■ **What is expected**
Take the data below and write it out exactly, except for the pictures.

■ **Information provided**
****************************************
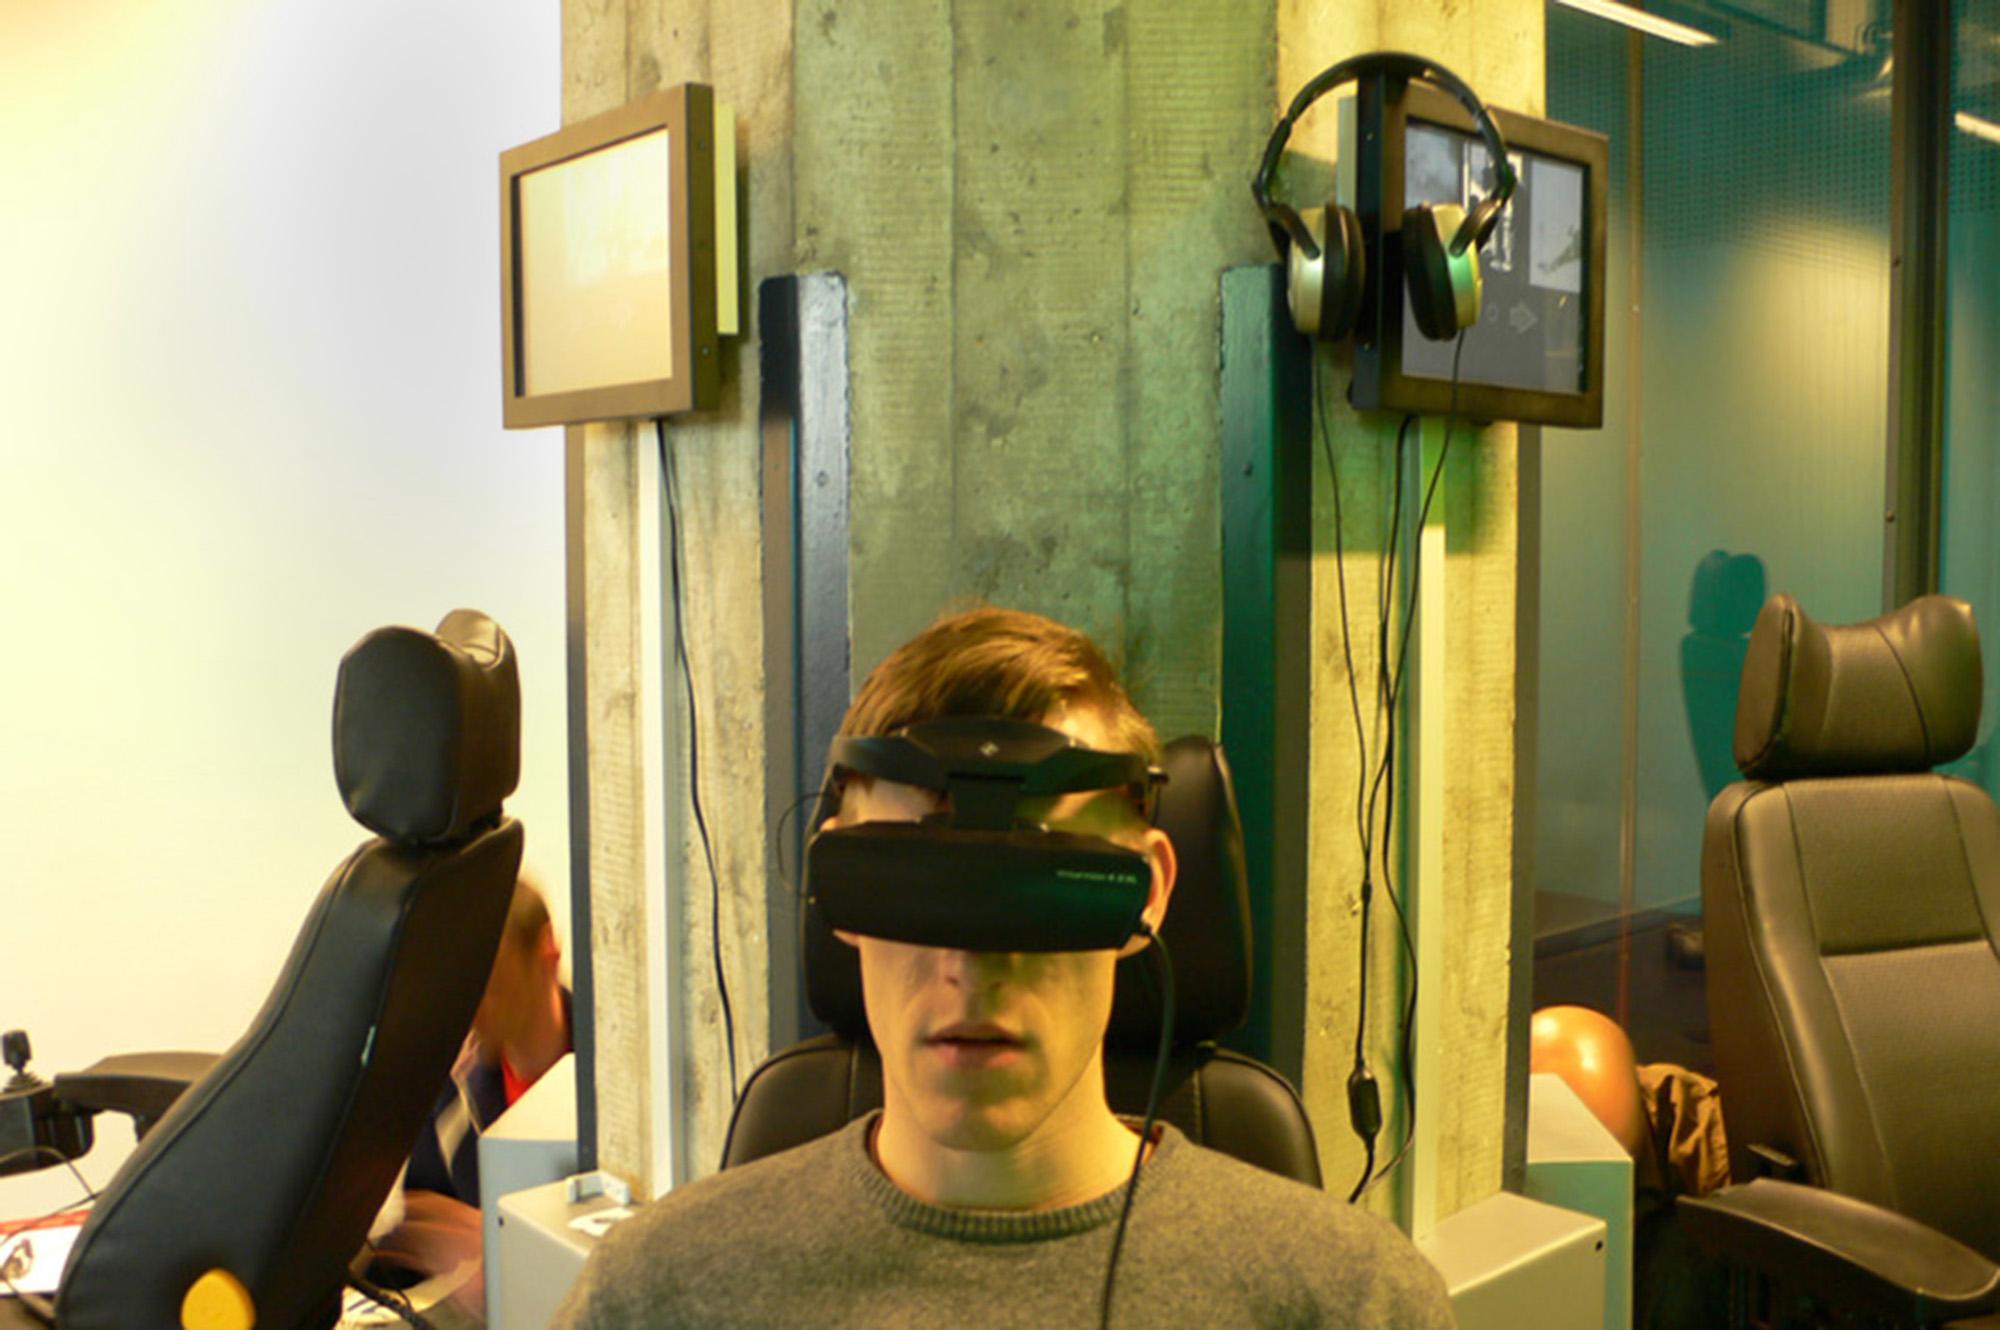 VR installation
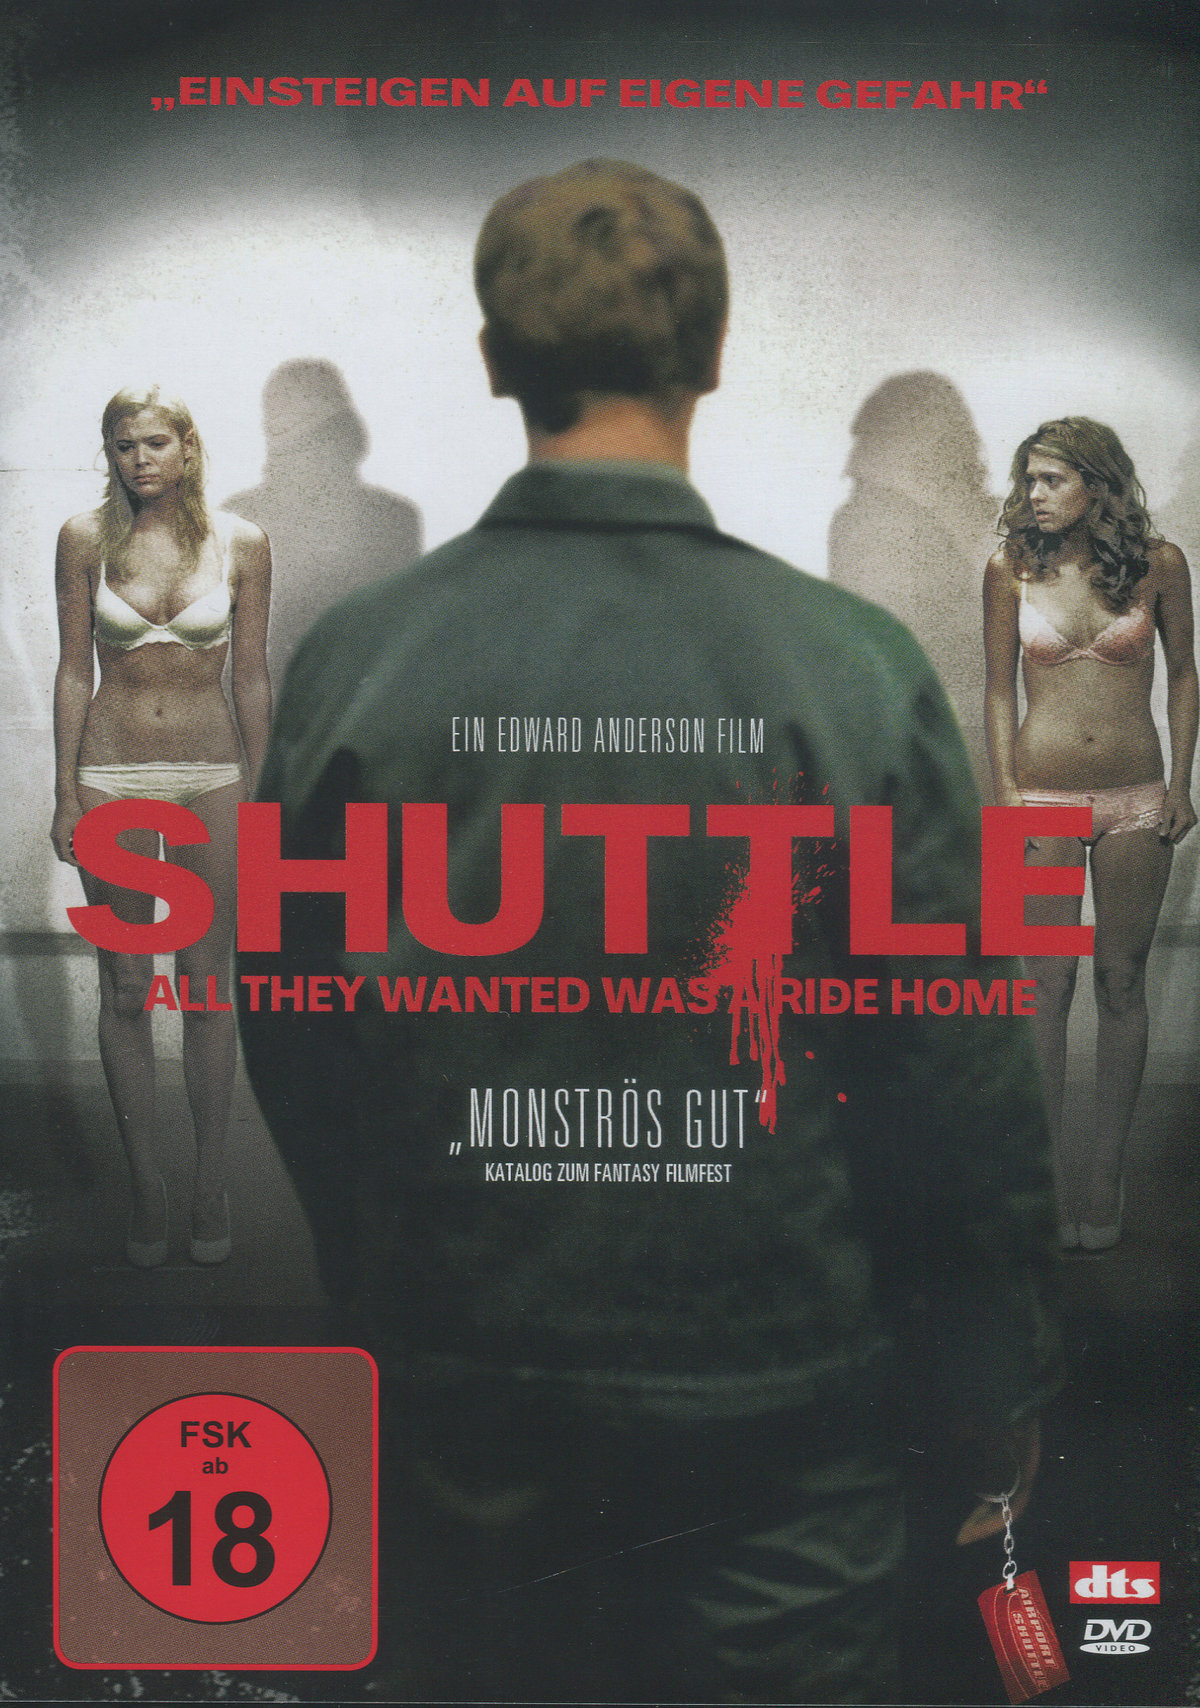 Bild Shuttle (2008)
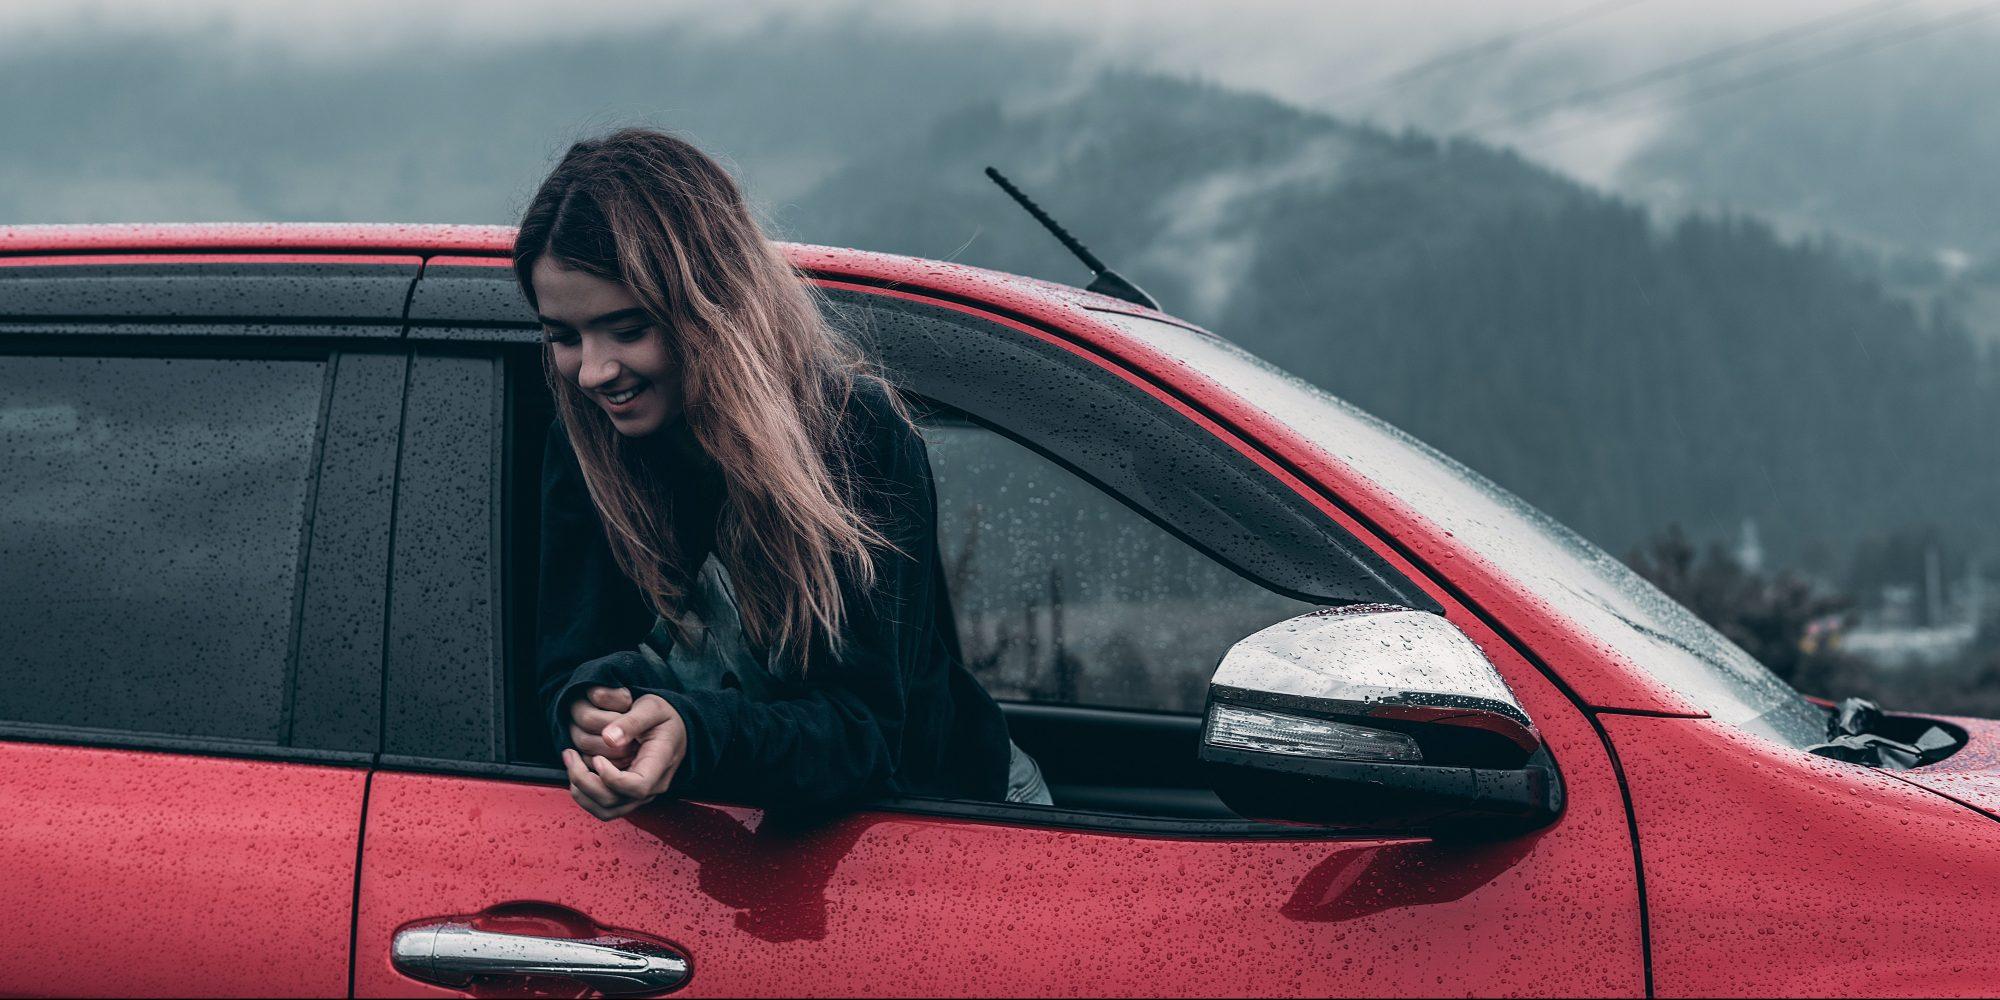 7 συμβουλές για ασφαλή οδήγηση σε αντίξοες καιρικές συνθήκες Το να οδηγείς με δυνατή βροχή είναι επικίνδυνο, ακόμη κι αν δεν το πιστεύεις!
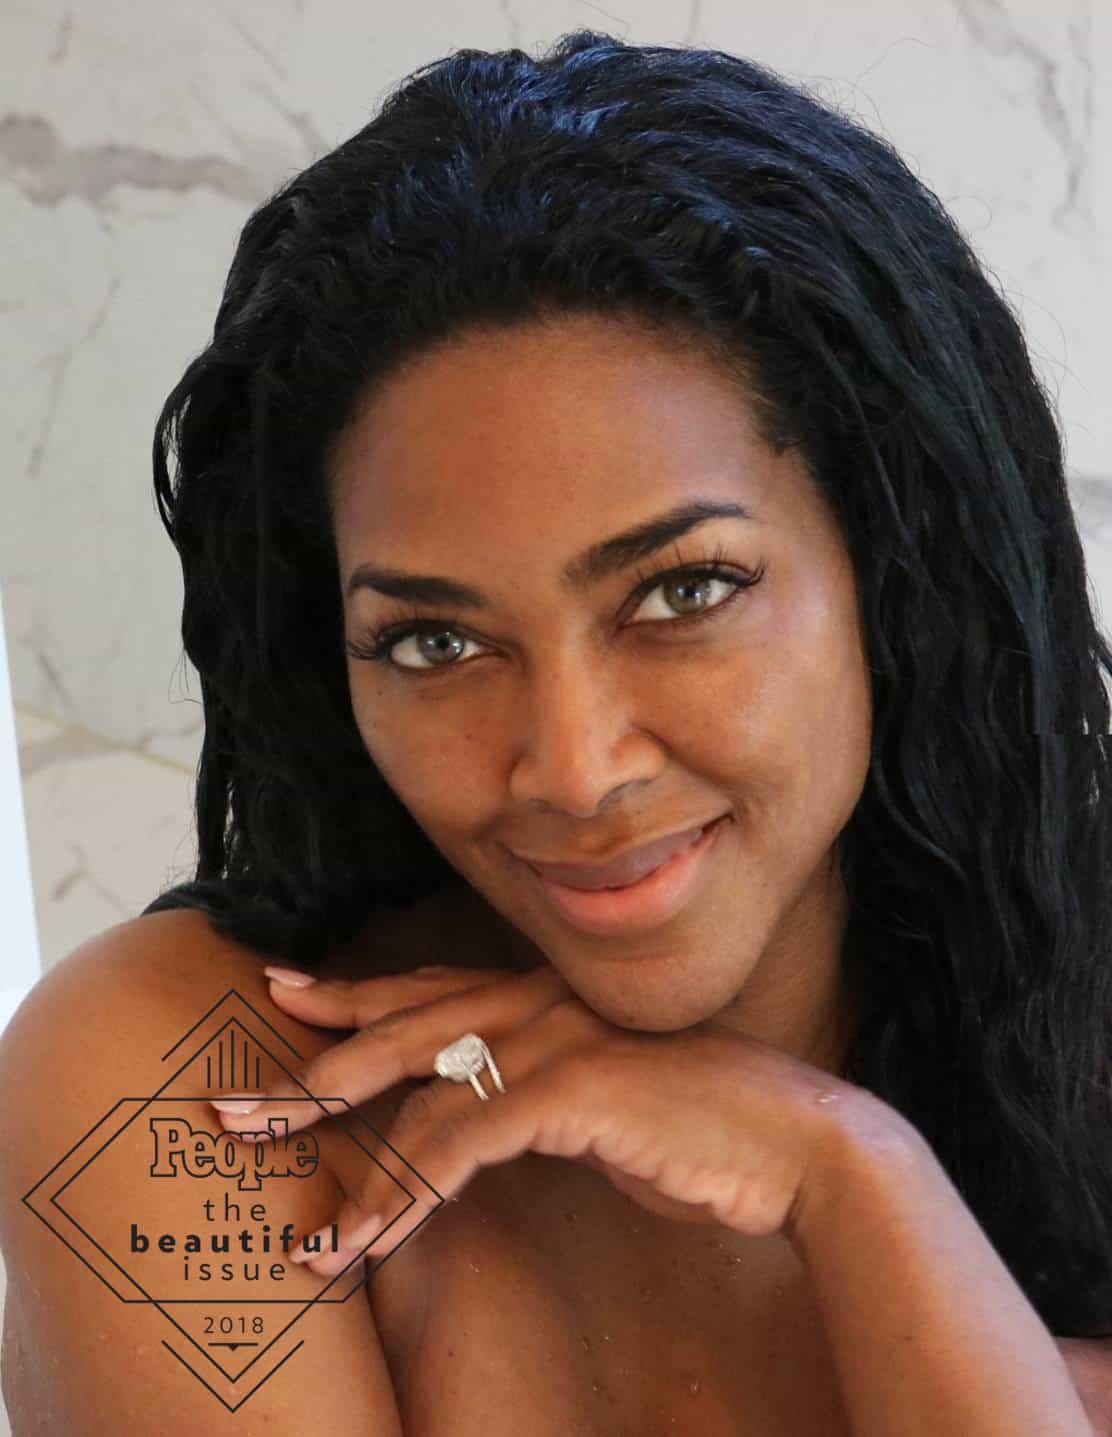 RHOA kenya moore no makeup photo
****************************************
■ **Answer space**
 VR installation
 Bild Shuttle (2008)
 7 συμβουλές για ασφαλή οδήγηση σε αντίξοες καιρικές συνθήκες Το να οδηγείς με δυνατή βροχή είναι επικίνδυνο, ακόμη κι αν δεν το πιστεύεις!
 RHOA kenya moore no makeup photo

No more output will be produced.